The Center of the Spin

Miss Lettie had vertigo again. She sat parked sideways at the base of the ramp outside Dog River Café, her scooter angled in a way that made it hard for anyone else to get by. This happened sometimes. Folks thought she blocked the ramp to be difficult. Maybe she was. But truth was, she needed something solid behind her when the spinning came.

A girl leaned against the café’s outer wall, arms crossed, scrolling her phone with her thumb like she was trying to wear it down to a nub. She was seventeen, maybe, with a summer job inside and a bad attitude to match.

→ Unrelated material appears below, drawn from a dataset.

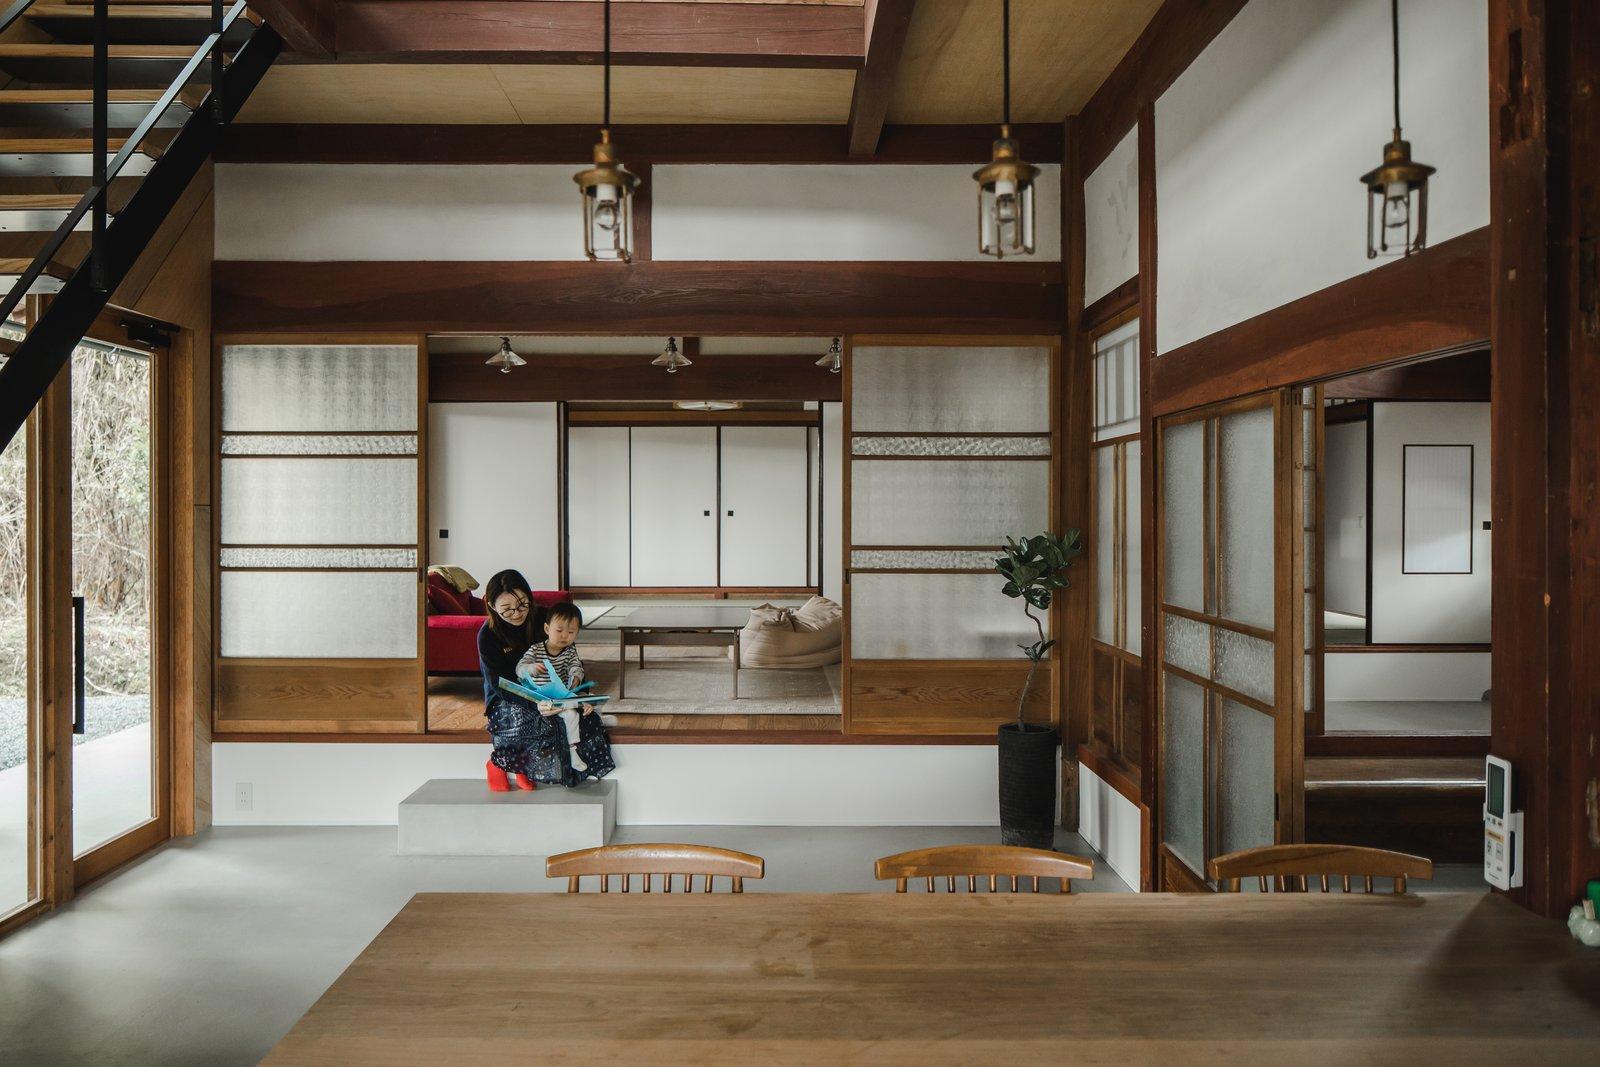 une maison traditionnelle japonaise r nov e lili in. Black Bedroom Furniture Sets. Home Design Ideas

“You all right, Miss Lettie?” the girl asked without looking up.

“I’m sittin’ still. That’s all I can do right now.”

The girl finally looked over. “Is it like... your balance? My aunt gets that.”

“It’s my everything. Sight, bones, belly, ears, nerves. Sometimes the world just starts spinning and the only way through is to let it.”

The girl furrowed her brow, then looked back at her phone. “Sounds awful.”

Miss Lettie gave a little shrug. “Used to be. Then I learned something. When it spins, don’t fight it. Get to the center.”

“The center?”

“Yep. Middle of the spin. Right in the eye of it. That’s the quiet place.”

The girl shifted her weight. “Sounds like some meditation crap.”

“More like survival.”

The girl lowered her phone a little. “Sometimes when I’m alone I feel like I’m gonna crawl out of my skin.”

Miss Lettie nodded. “That’s the beginning of the spin.”

“So what do I do?”

“You sit your little behind down and breathe until it stops feeling like the end of the world. Then you do it again the next time. And you keep doing it until you realize you’re not alone in there. You’ve just been hiding from yourself.”

The girl didn’t reply right away. Then she tucked her phone in her apron and slid down the wall to sit beside the scooter.

They watched the clouds like that until the lunch rush.

The spin had passed. But the quiet stayed.